Information supplied:
········

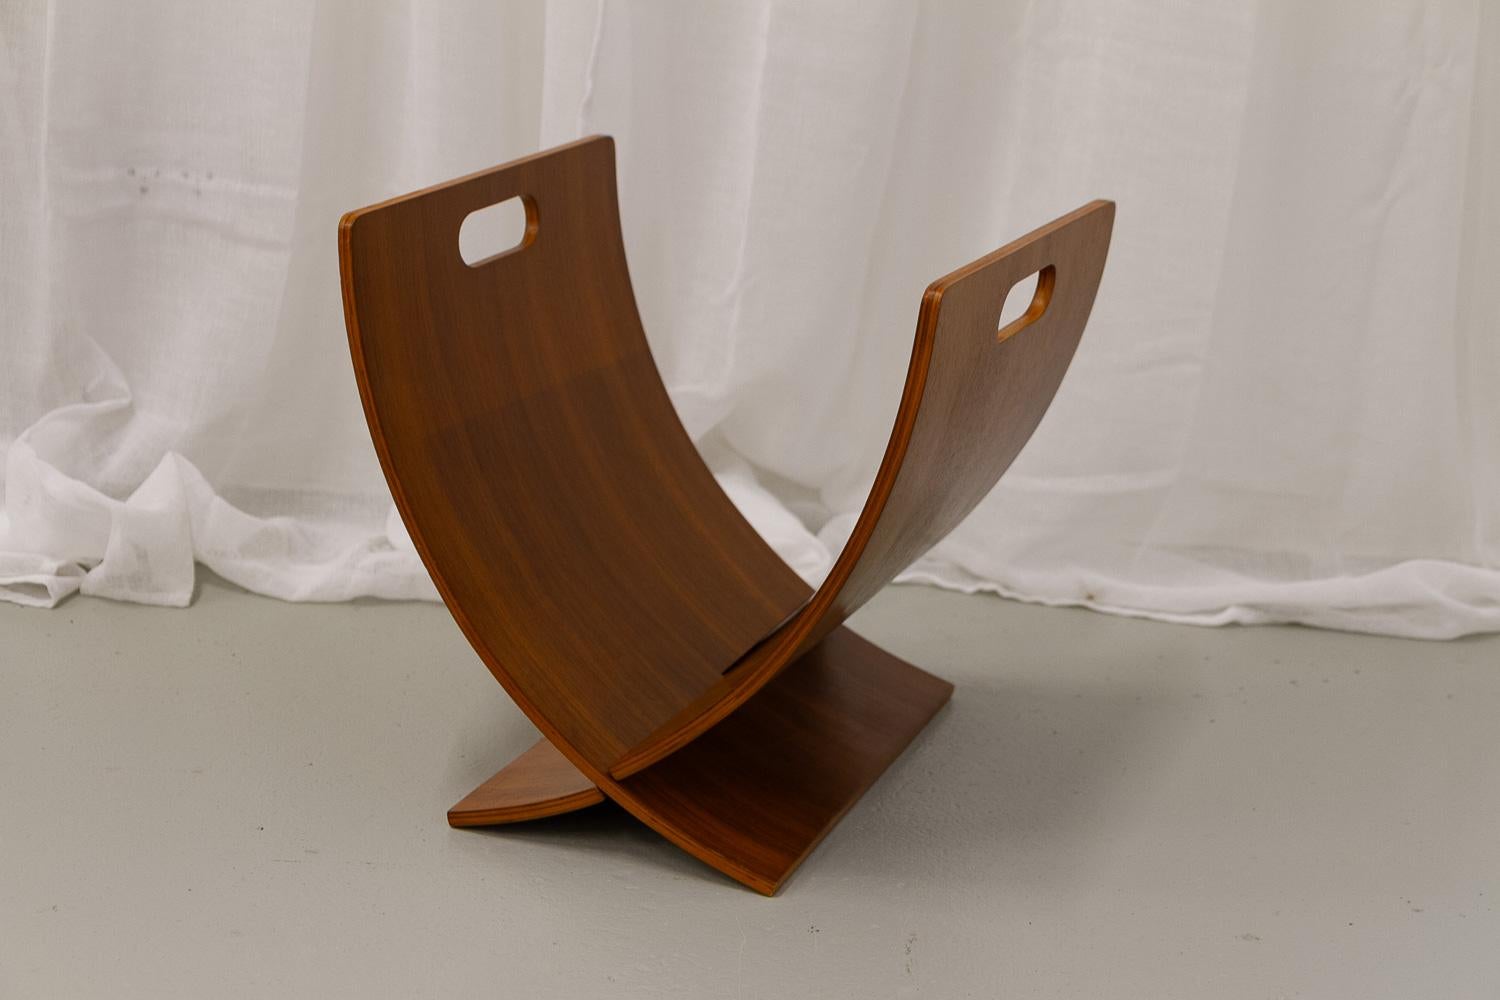 Danish Modern Walnut Magazine Rack, 1970s.
Mid-Century Modern magazine stand made in Denmark in the 1970. Two slotted leaves of plywood fits together to form a freestanding magazine rack. 
Good original condition. Patina consistent with age and use.

········

What the task requires:
Write out exactly the final stretch of the listing above, beginning at the line that contains "Mid-Century Modern magazine" and ending at its last line, with nothing added.

Written reply:
Mid-Century Modern magazine stand made in Denmark in the 1970. Two slotted leaves of plywood fits together to form a freestanding magazine rack. 
Good original condition. Patina consistent with age and use.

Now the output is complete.